§ What you will do
Copy the data exactly. Images are to be left out.

§ Supplied data
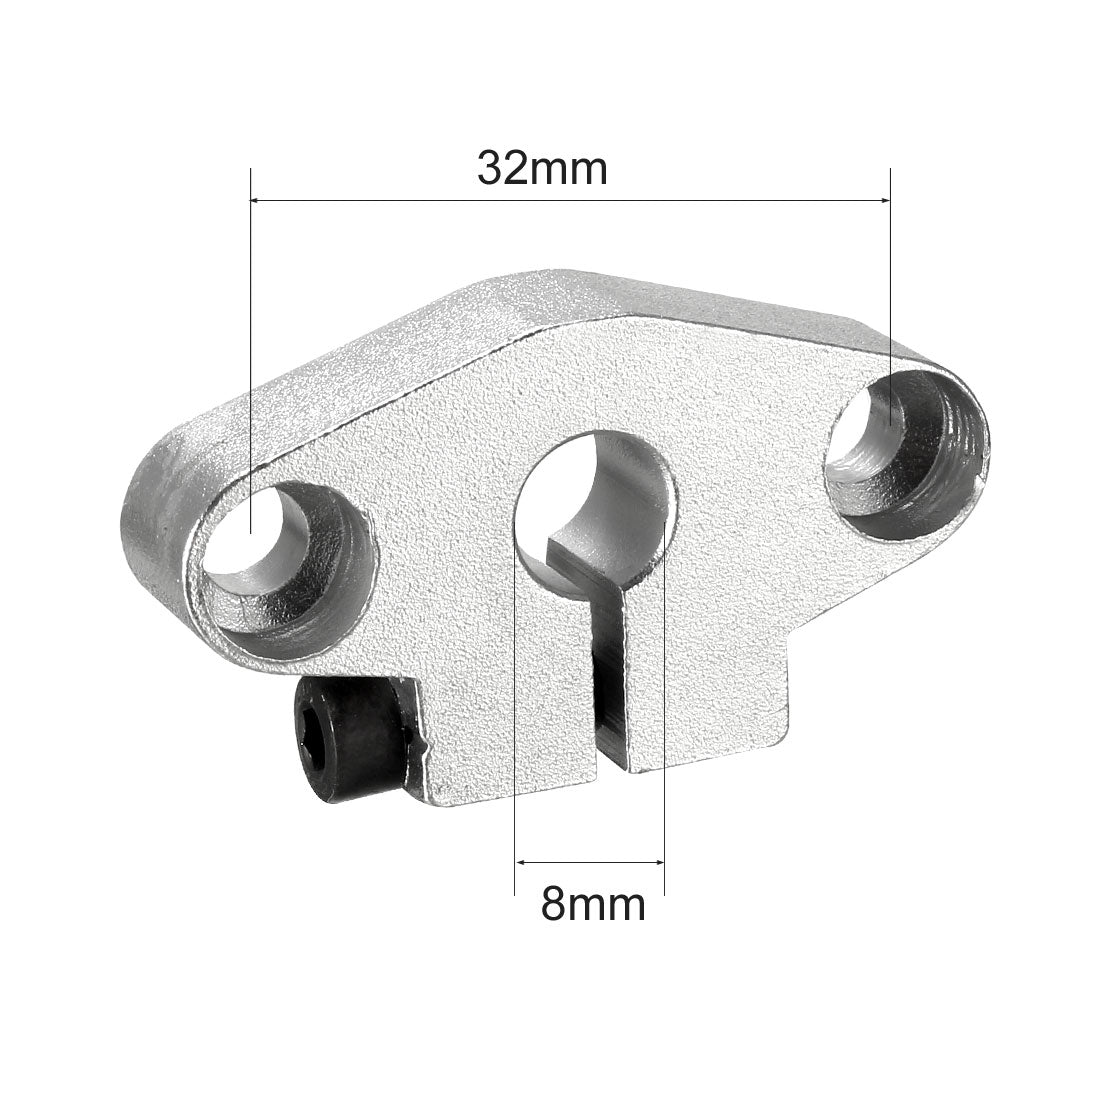 uxcell Uxcell 4PCS SHF8 Linear Motion Rail Clamping Rod Rail Guide Support for 8mm Dia Shaft
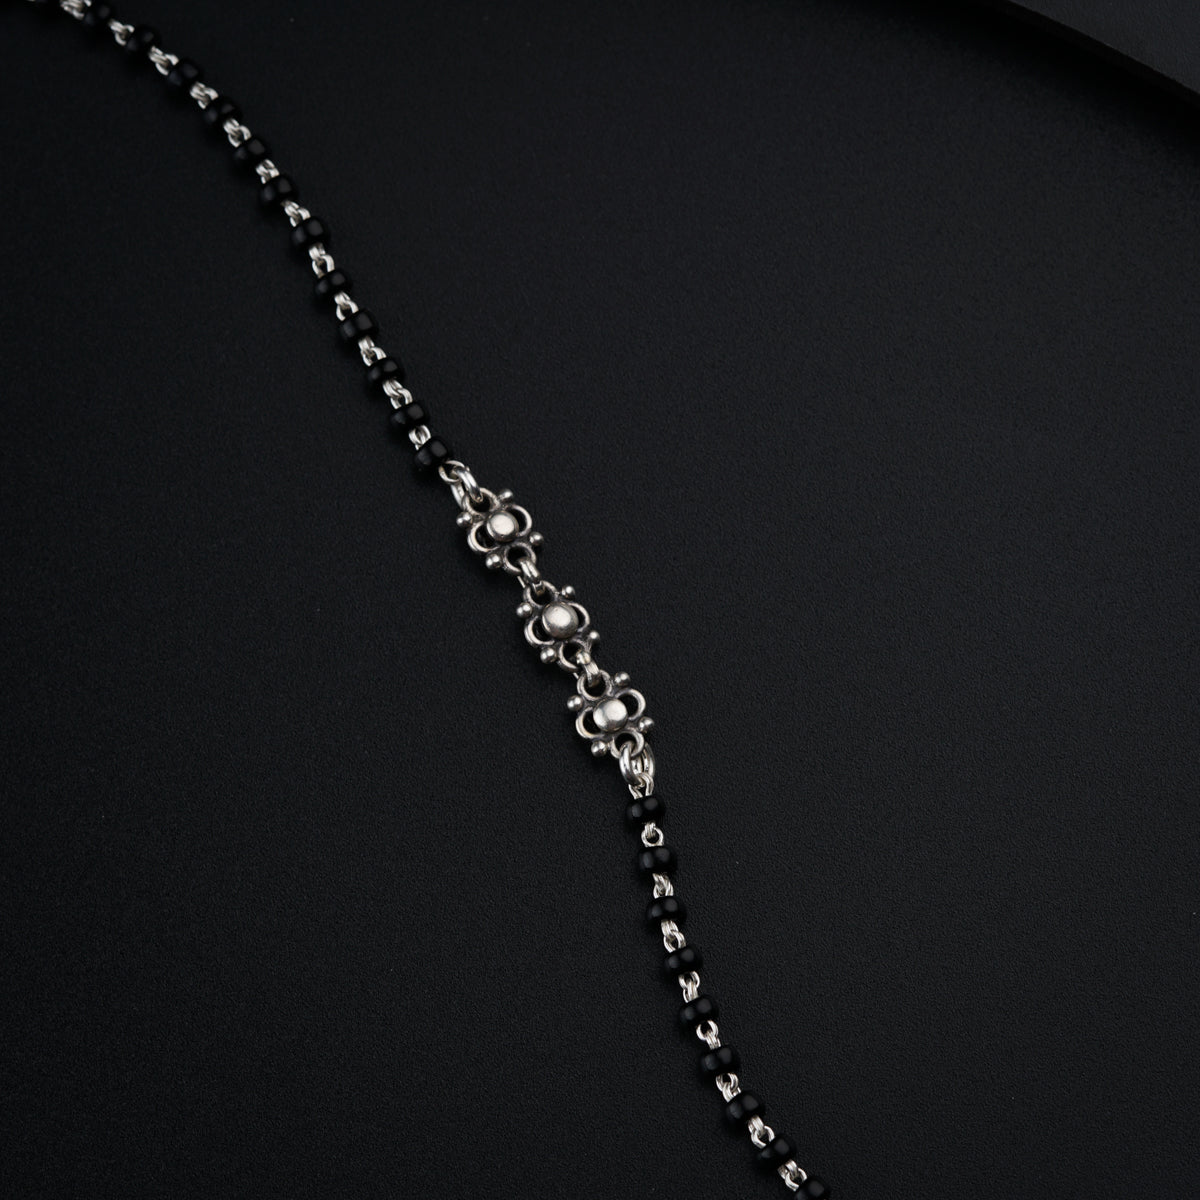 a black and silver necklace on a black surface
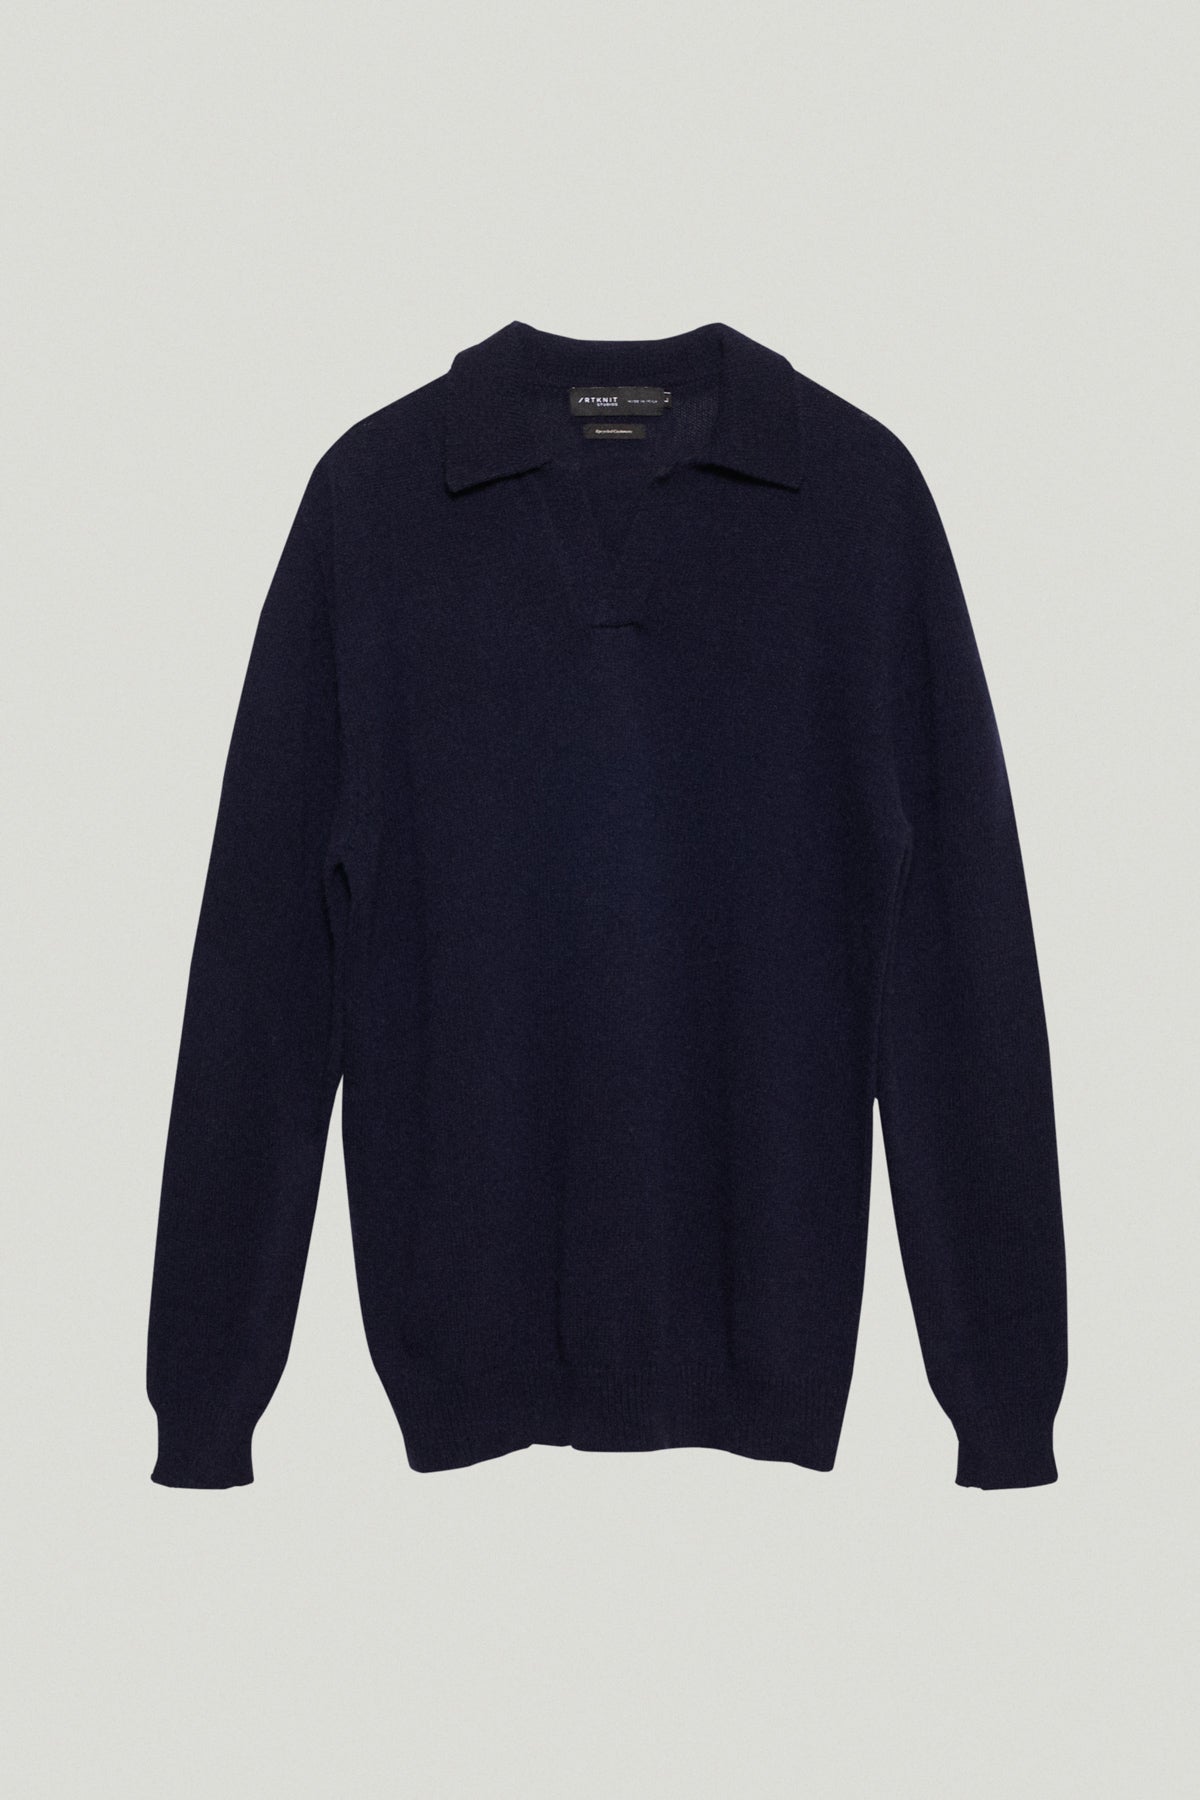 Blue Navy | The Upcycled Cashmere Polo – Imperfect Version

§ Result of the task
 uxcell Uxcell 4PCS SHF8 Linear Motion Rail Clamping Rod Rail Guide Support for 8mm Dia Shaft
 a black and silver necklace on a black surface
 Blue Navy | The Upcycled Cashmere Polo – Imperfect Version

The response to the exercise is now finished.